Remove Duplicate Lines

Deduplicate any text list, log, CSV, or email list in one click. Keeps first occurrence, optional sort, case-insensitive matching, and removed-lines view.

Have feedback? Report bugs, suggest features, or share your thoughts — we read them all

Remove Duplicate Lines - Text Deduplication Tool

Remove Duplicate Lines is a line-level deduplicator equivalent to the Unix `awk '!seen[$0]++'` idiom or `sort -u`, but with a UI, optional case-folding, optional empty-line stripping, and a side panel showing exactly which duplicates were dropped. The algorithm builds a JavaScript Set of canonicalised line keys (lowercased if you toggle off case sensitivity) and walks the input once in original order, keeping only the first time each unique line appears. This 'first-occurrence-wins' policy is important: unlike `sort -u` which reorders, this tool preserves your input order unless you explicitly enable Sort. Typical use cases: dedupe email recipient lists harvested from multiple newsletters, clean exported customer CSV rows where the same record was logged twice, remove repeated error messages from log files to find unique fault patterns, consolidate hostname lists for Ansible inventories, and deduplicate translation strings before merging into a localization file.

What exactly counts as a 'duplicate line' — does whitespace and case matter?

By default, two lines are considered duplicates if their character sequences match exactly — leading and trailing spaces count, and case matters ('Apple' is different from 'apple'). Toggling the case option to UPPER or lower normalises both compared strings before matching, so 'APPLE', 'Apple', and 'apple' collapse to one line. To also ignore whitespace differences (' a' vs 'a '), pre-process with a Text Cleaner or trim each line first.

Which copy is kept when there are duplicates — first or last occurrence?

Always the first occurrence. The dedup walker uses a Set that records line content the first time it appears, and skips every subsequent identical line. This matters when your input has ordering significance — e.g., a CSV where row 1 is the canonical record and row 7 is a stale duplicate import. If you instead need the last occurrence kept (common in 'last-write-wins' merges), reverse the list first with the Reverse List tool, dedupe, then reverse back.

How does this differ from Unix `sort -u`, `awk`, or `uniq`?

`uniq` only collapses adjacent duplicates and requires sorted input — non-adjacent duplicates survive. `sort -u` sorts and dedupes but destroys original order. `awk '!seen[$0]++'` is order-preserving deduplication and matches what this tool does, but requires a terminal.
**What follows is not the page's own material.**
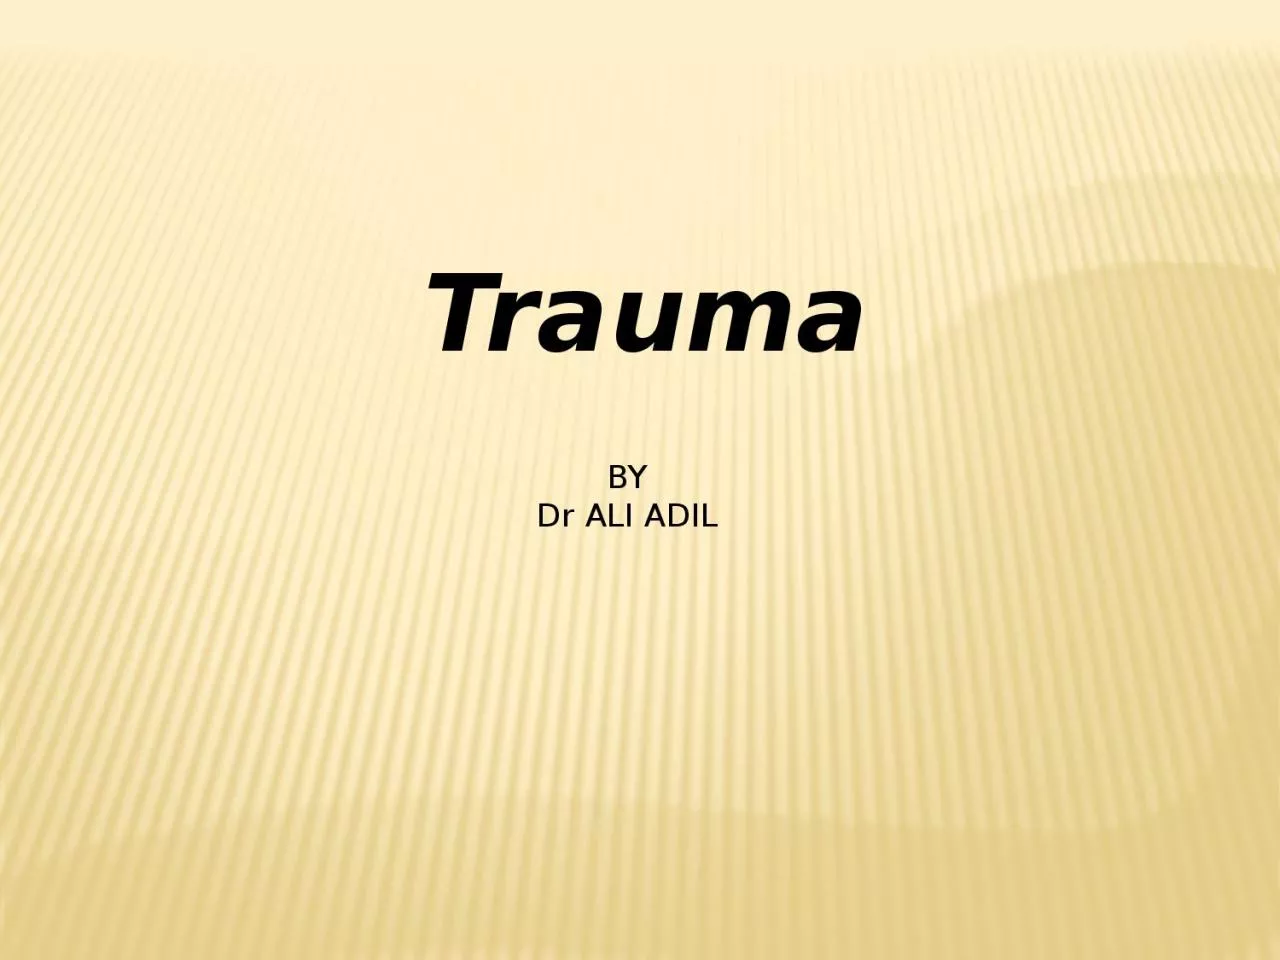 Trauma BY Dr ALI ADIL TRAUMA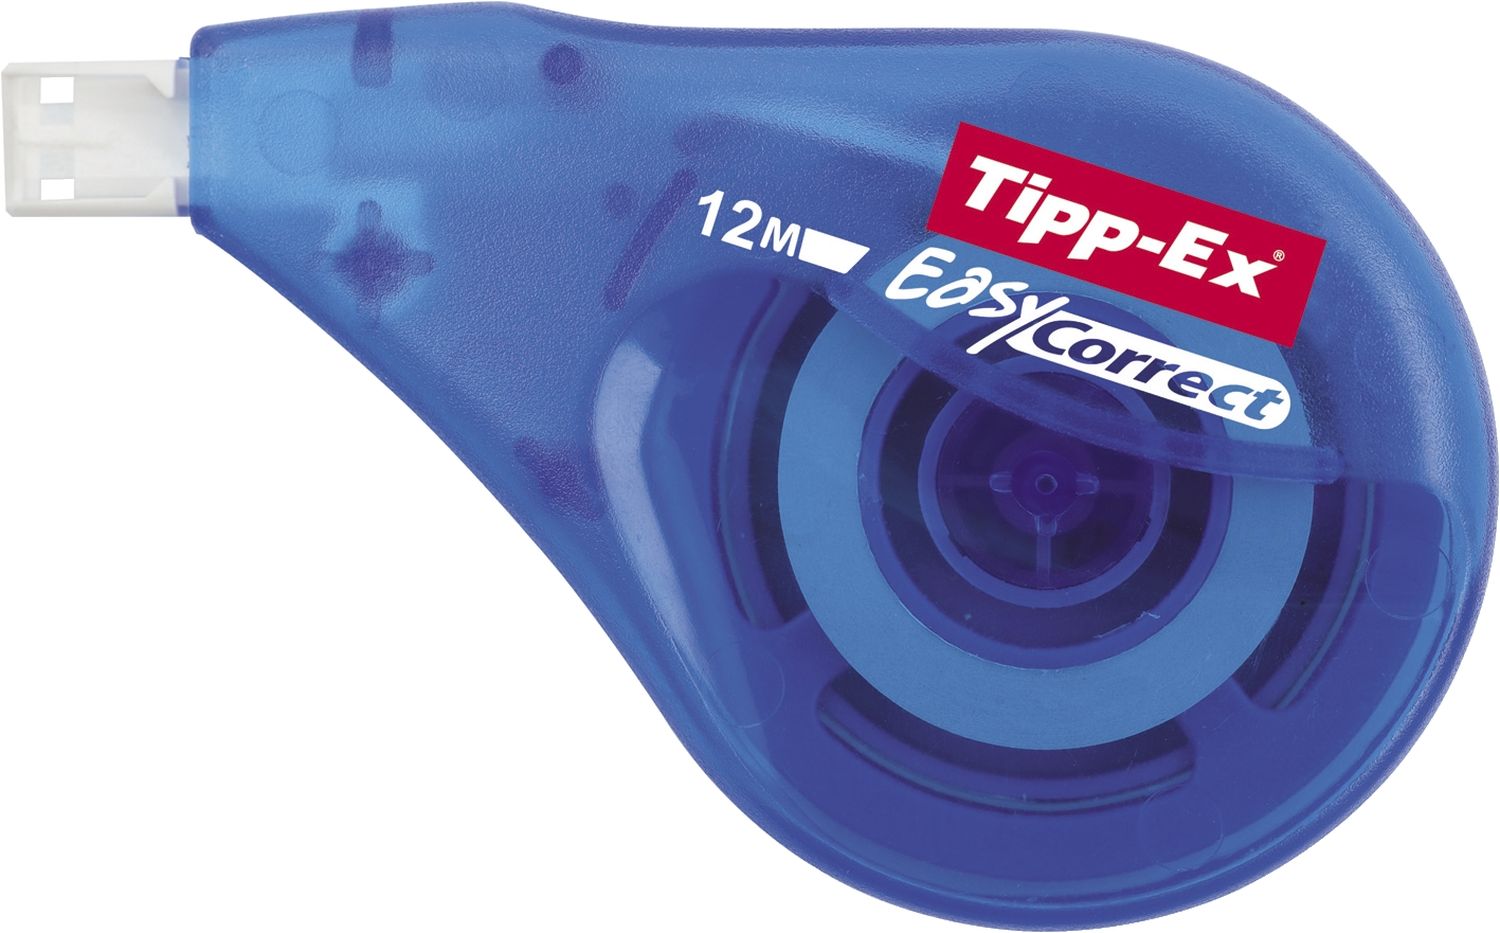 Korrekturroller Tipp-Ex Easy Correct 8290352, Einwegroller, (BxL) 4,2 mm x 12 m

Excel's 'Remove Duplicates' works similarly but is limited by row count and locks you to one platform. This tool gives the same result as the awk approach with a GUI, plus a removed-lines panel that none of the command-line tools surface.

Remove Duplicate Lines — Deduplicate any text list, log, CSV, or email list in one click. Keeps first occurrence, optional sort, case-insensitive — **Remove Duplicate Lines**

What does the 'Display removed' option actually show?

It outputs a separate panel listing every duplicate line that was skipped, in the order they were encountered. Each entry shows the content and (where helpful) which input line number it sat on. This audit trail is critical for compliance scenarios — say cleaning a customer database under GDPR — so you can prove that a specific row was a duplicate and not silently lost data. It also helps debug case-sensitivity surprises ('[email protected]' vs '[email protected]').

Does it scale to large files like a 100,000-row CSV?

Yes. The Set-based deduplication is O(n) average time and ~O(n) memory, so a 100k-line list typically dedupes in under 100 ms on a modern laptop. The browser textarea is the bottleneck — beyond ~5 MB of pasted text the paste itself can lag, but the dedupe itself stays fast. For multi-million-row files use Unix: `awk '!seen[$0]++' input.txt > output.txt` streams without loading the full file into RAM, and handles arbitrarily large inputs.

Will the 'Remove empty lines' option strip whitespace-only rows too?

Yes. When enabled, lines that are entirely empty or contain only whitespace characters (spaces, tabs, non-breaking spaces) are dropped before deduplication runs. This is useful because blank rows in CSV data often duplicate each other (every empty row looks identical), inflating your 'duplicates removed' count without removing real content. Disable this option if you want to keep blank separator lines between sections.

Is my data uploaded or stored anywhere?

No. The deduplication runs entirely in browser JavaScript on the textarea value — there is no fetch() to a backend, no analytics event with content, no localStorage write. You can verify in DevTools Network tab that clicking Remove makes zero outbound requests. This makes the tool safe for sensitive lists like employee emails, customer records, internal hostnames, or copyrighted content under NDA.